- _Task directions_
The required output is the lines from the one with "Chilly Weather Tonight" through the end of the data, repeated verbatim, with no pictures included.

- _Data below_
————
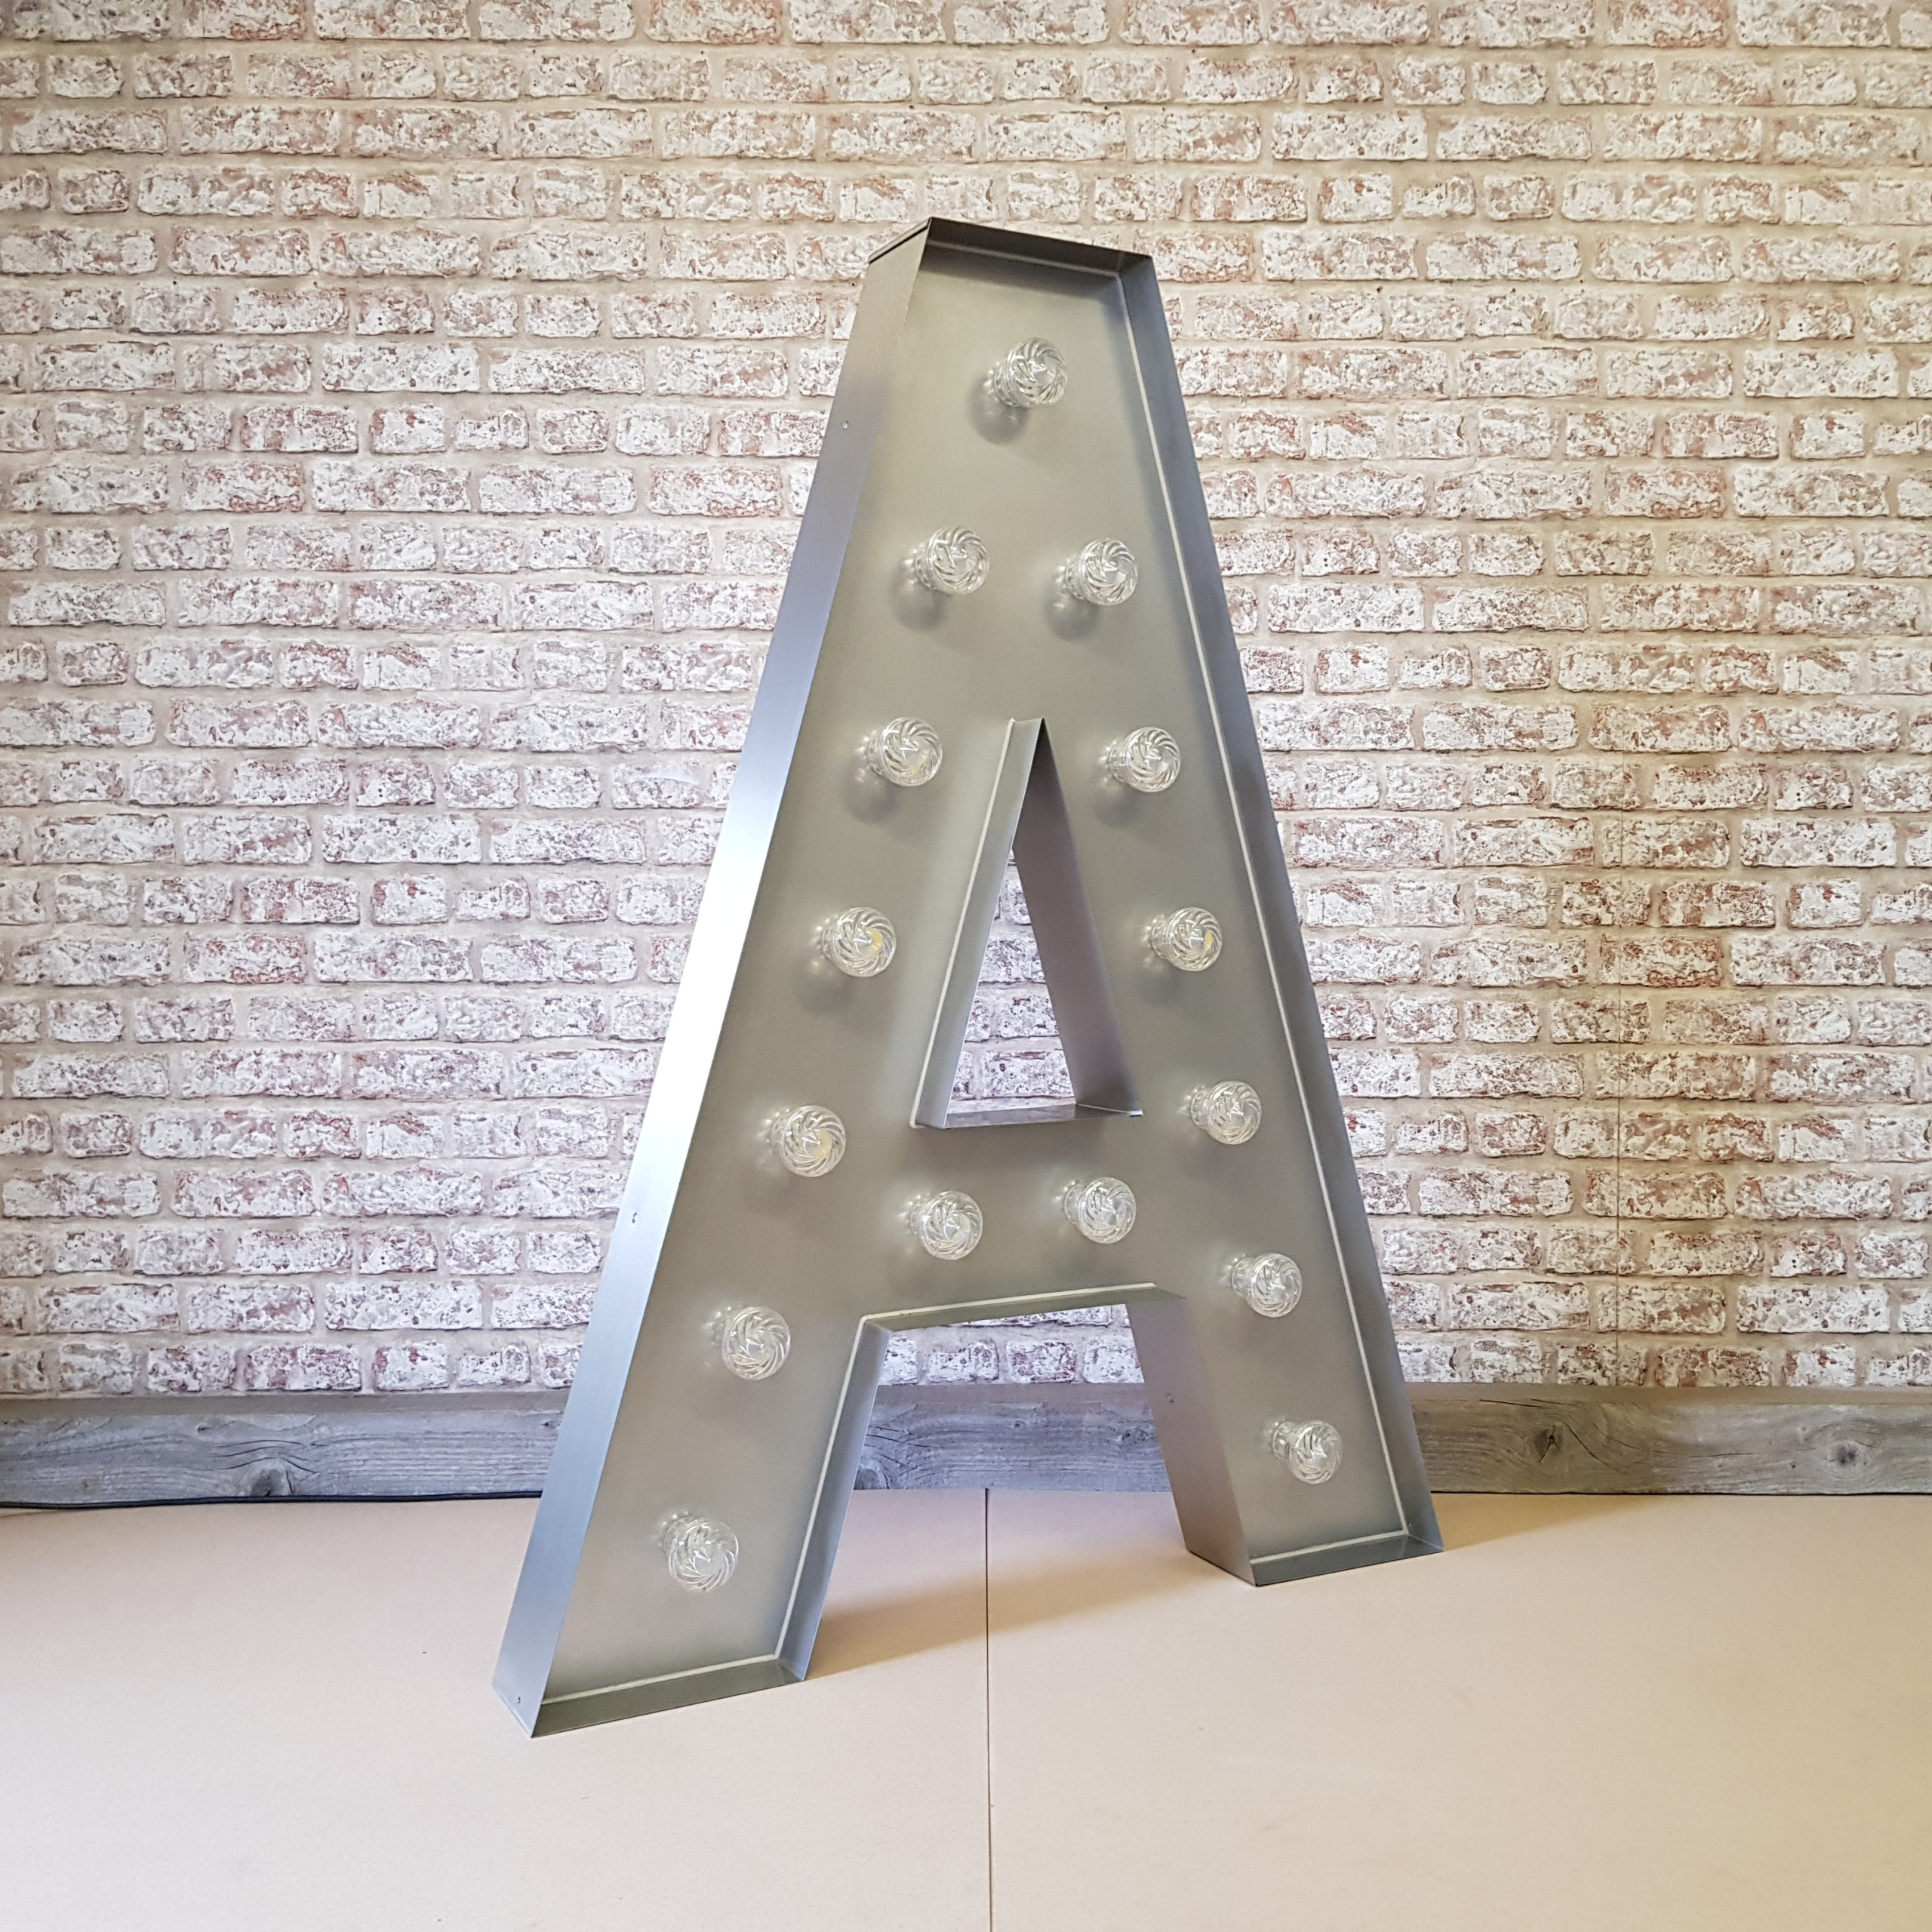 4ft marquee letters
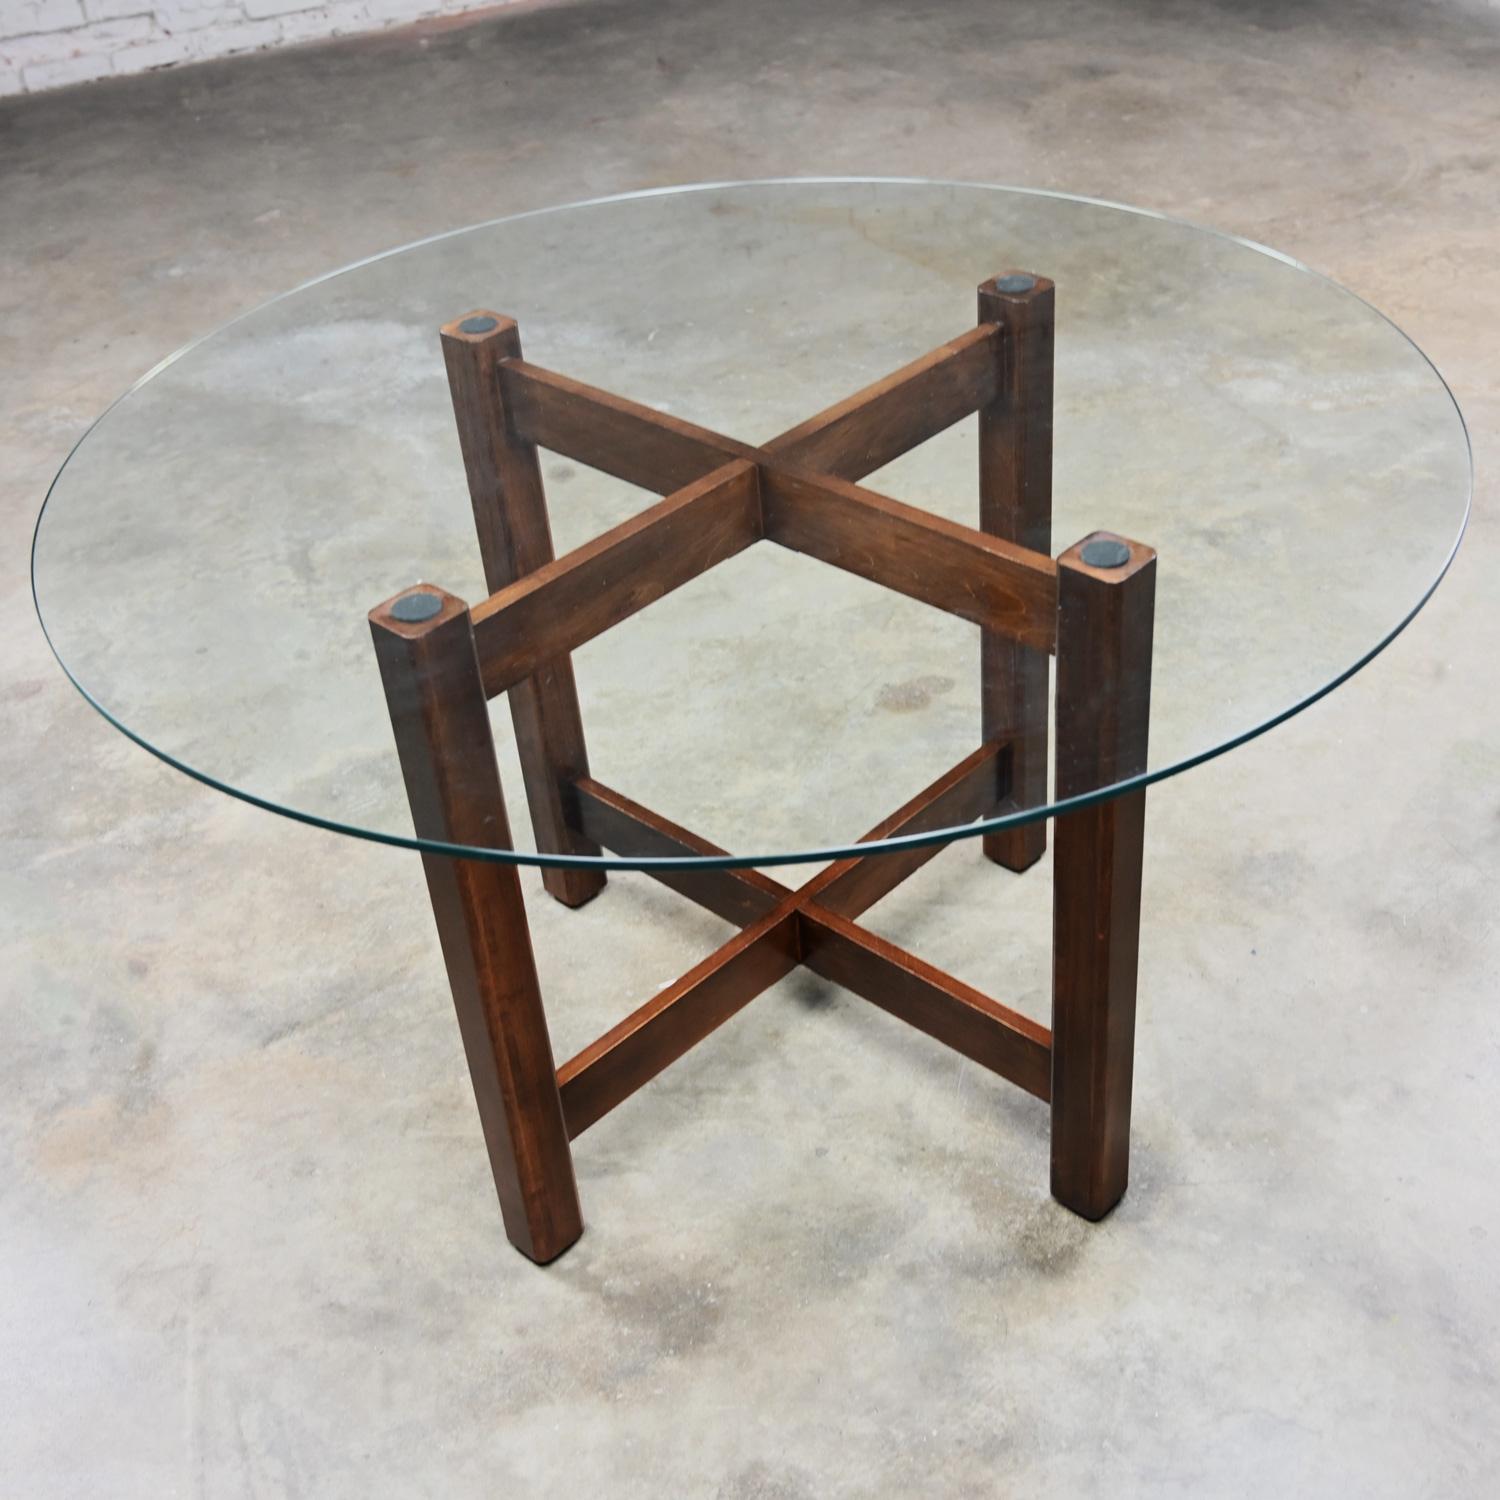 Handsome Late 20th Century Modern walnut X-base dining table with new round tempered glass top with flat polished edge. Beautiful condition, keeping in mind that this is vintage and not new so will have signs of use and wear even if it has been
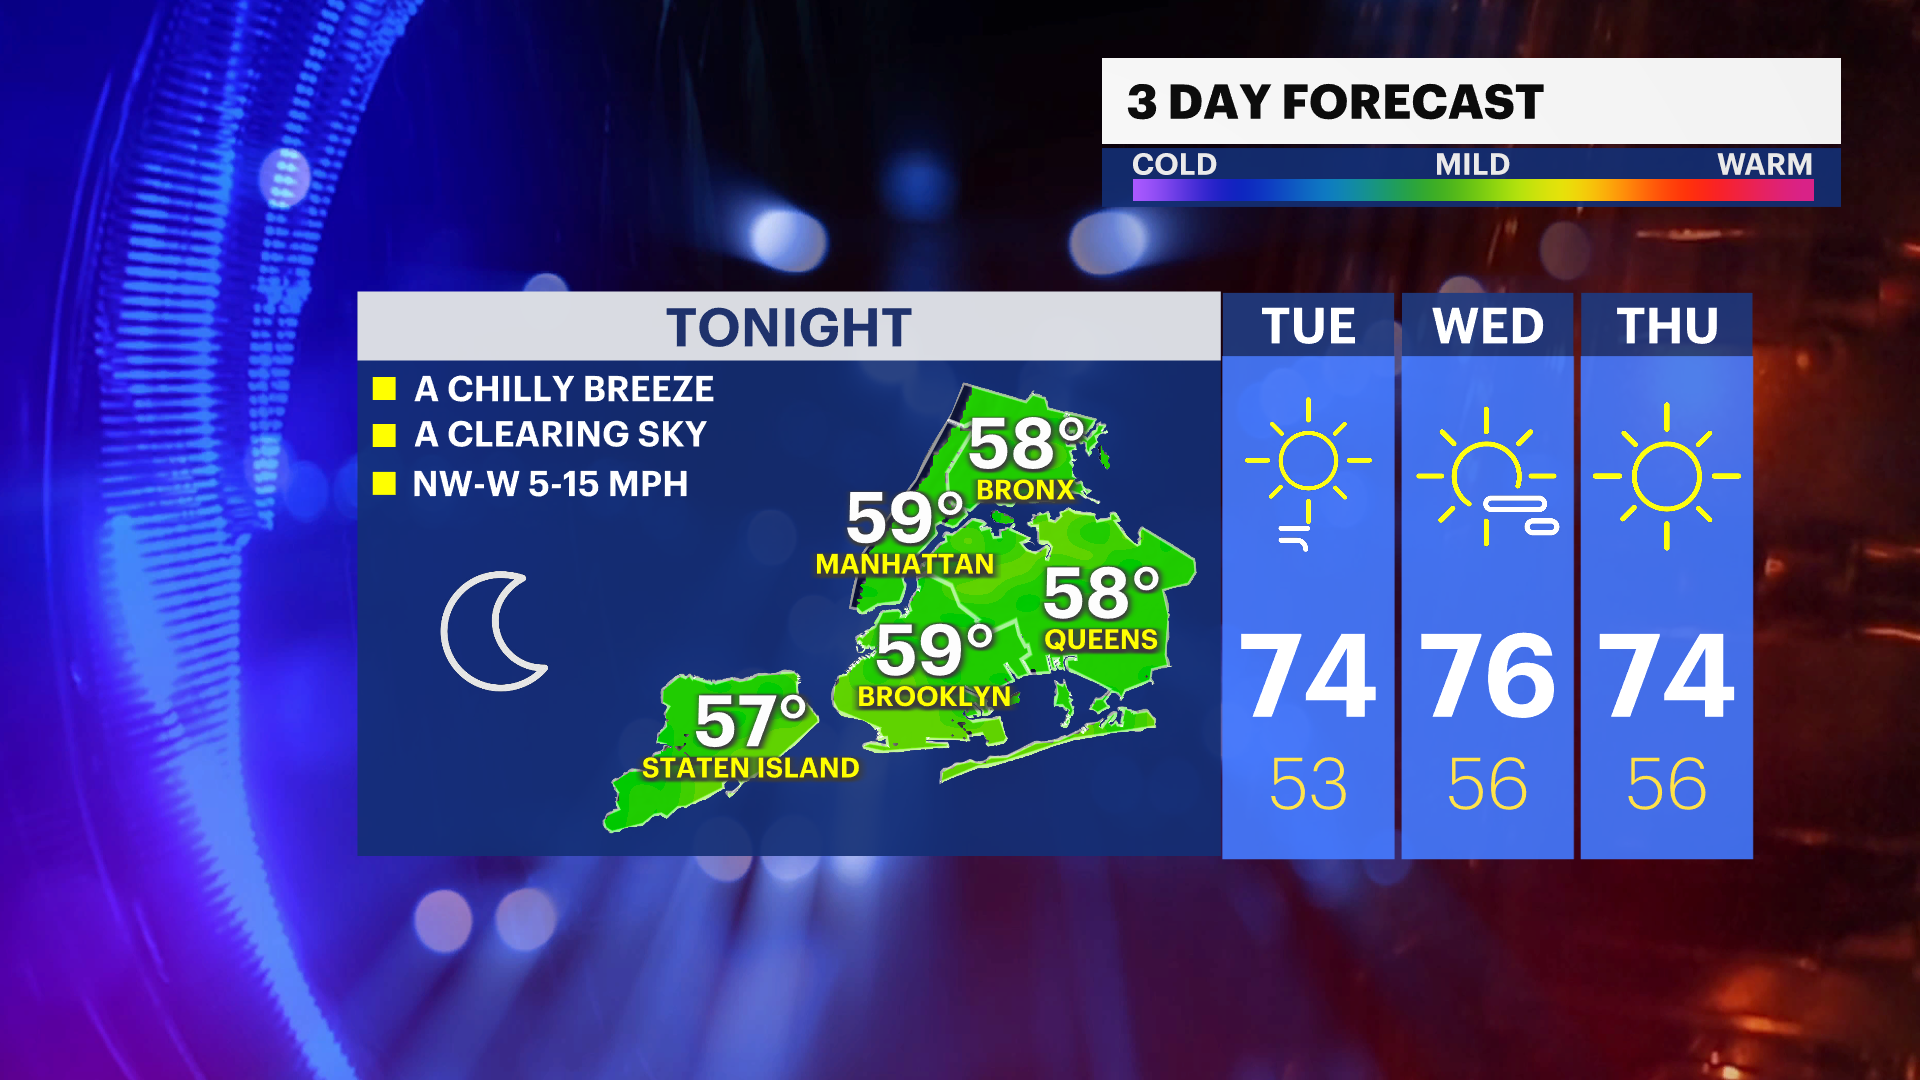 Chilly Weather Tonight Storms Over the Weekend Tuesday PM
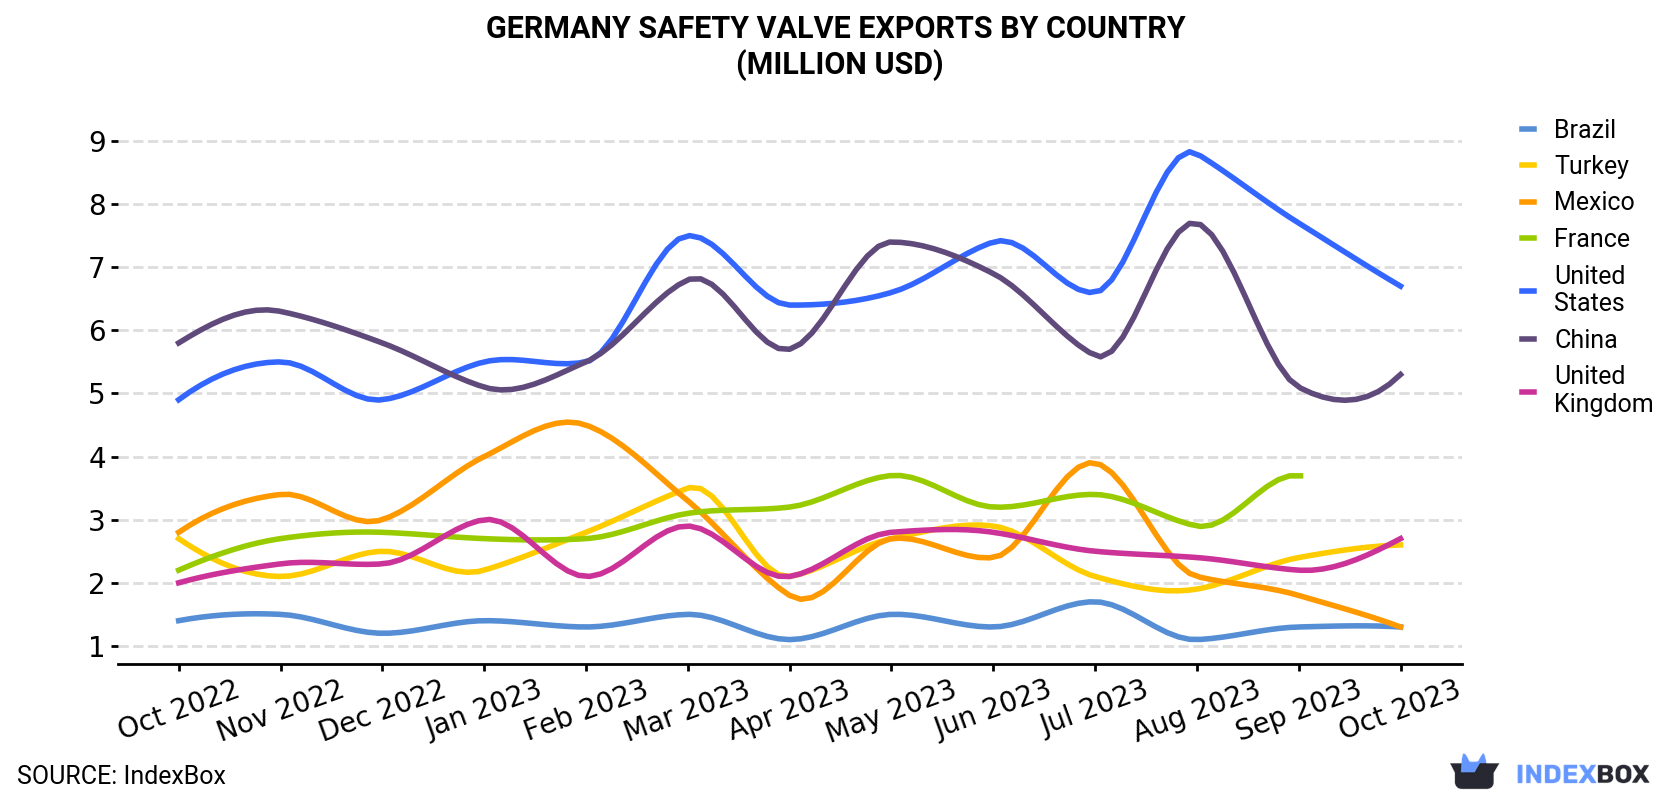 Germany Safety Valve Exports By Country (Million USD)
————
- _Output below_
 Chilly Weather Tonight Storms Over the Weekend Tuesday PM
 Germany Safety Valve Exports By Country (Million USD)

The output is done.